The series consists of the following documents:
- Logging serving requests by using AI Platform Prediction
- Analyzing logs in BigQuery
- Analyzing training-server skew with TensorFlow Data Validation
- Automating training-server skew detection
- Identifying training-server skew with novelty detection (this guide)
The code for the process described in this document is incorporated into Jupyter notebooks. The notebooks are in a GitHub repository.
Overview
Monitoring the predictive performance of a machine learning (ML) model in production is a crucial area of MLOps. The predictive performance of a deployed model might decay over time. This decay can occur for several reasons, including a growing discrepancy between training and serving data, an evolving business context, or a changing technical environment.
The following diagram shows the process that's described in this guide:
Feature-level drift versus dataset-level drift
Previous guides in this series described how to use TensorFlow Data Validation (TFDV) to detect schema and distribution skews and anomalies in a dataset. TFDV uses a reference schema and baseline statistics that are generated from the training data to detect anomalies in new data.
You can use TFDV to identify skews and anomalies such as the following for each feature:
- The data type of a feature isn't as expected.
- The values of a numerical feature are outside the expected range.
- The percentage of the missing values in a specific feature is under a predefined threshold.
- New or missing categories are detected in a categorical feature.
- The values distribution of a feature isn't as expected.
In practice, most of the training-serving data skews and anomalies are due to issues in individual features. For example, errors or updates in the data ingestion and processing pipelines might introduce missing values, new values, out-of-range values, or values that have incorrect data types. You might also see inconsistencies in data schema types in any of the following circumstances:
- Data sources change.
- You integrate new data sources.
- You operate your model in a new domain (for example, a new geographic location).
TFDV can detect feature-level skews and anomalies such as these so that you can act on them. For example, you might update the preprocessing logic, add new vocabulary to categorical features, and discard erroneous data and retrain the model if needed.
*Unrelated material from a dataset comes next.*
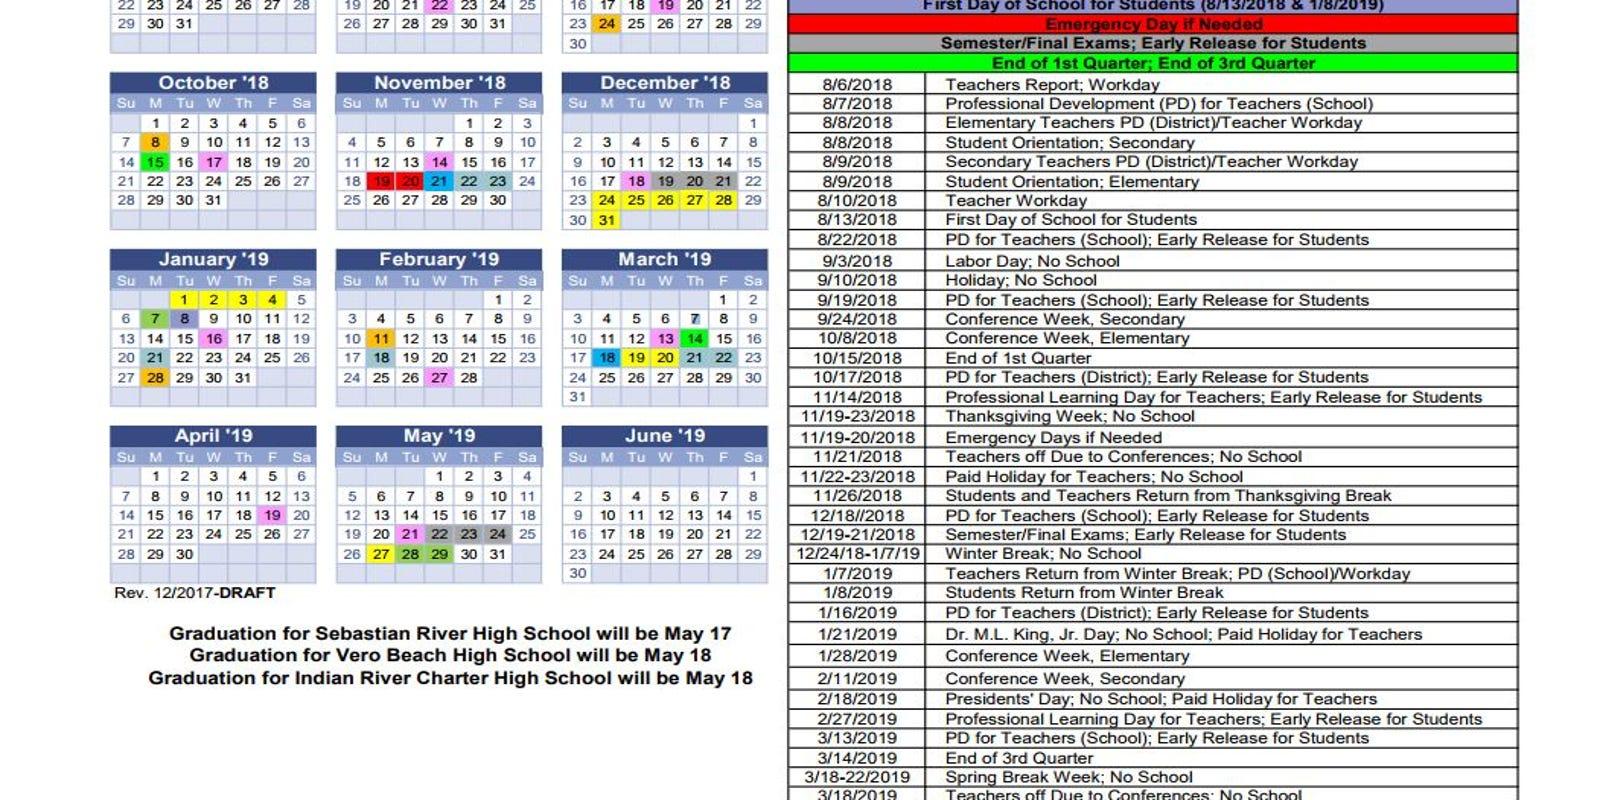 Longer Thanksgiving break planned for Indian River County school calendar

However, in some cases, individual features in the dataset might not have any significant skew related to the reference schema and the baseline statistics. Even so, the joint probability distribution of these features shows a change. This change represents a type of covariate shift. This type of shift usually happens as new trends and patterns emerge in the data due to the changes in the dynamic of the environment. Examples might be changes in the prices of real estate relative to locations, or the popularity of fashion items among different demographic groups. Covariate shift is also subject to seasonality, because the statistical relationships between input features might change periodically in response to different seasons and events.
Therefore, it can be useful to compute an overall drift score at the dataset level with respect to all the features. This drift score can represent the skew magnitude of your serving data. Computing an overall drift score simplifies the process of monitoring dataset drift over time, and it helps you to define and take actions based on certain drift score thresholds.
Methods for scoring a dataset drift
You can use the following methods to compute a drift magnitude at the dataset level rather than at the feature level:
- Novelty and outlier detection
- Two-sample statistical tests
Novelty and outlier detection
In novelty and outlier detection algorithms, the aim is to mimic the task of detecting out-of-distribution samples. You build a model by using the reference (training) data, and then use that model to identify whether a new (serving) data point is an outlier. The drift score is computed as the percentage of the data points that are predicted to be outliers in the serving dataset. The advantage of this technique is that not only does it produce a drift score between 0 and 100, but also it identifies the data points that are considered anomalous.
Novelty and outlier detection algorithms include the following:
Algorithms that are used for detecting outliers in time-series data are spectral residuals and sequence-to-sequence autoencoding.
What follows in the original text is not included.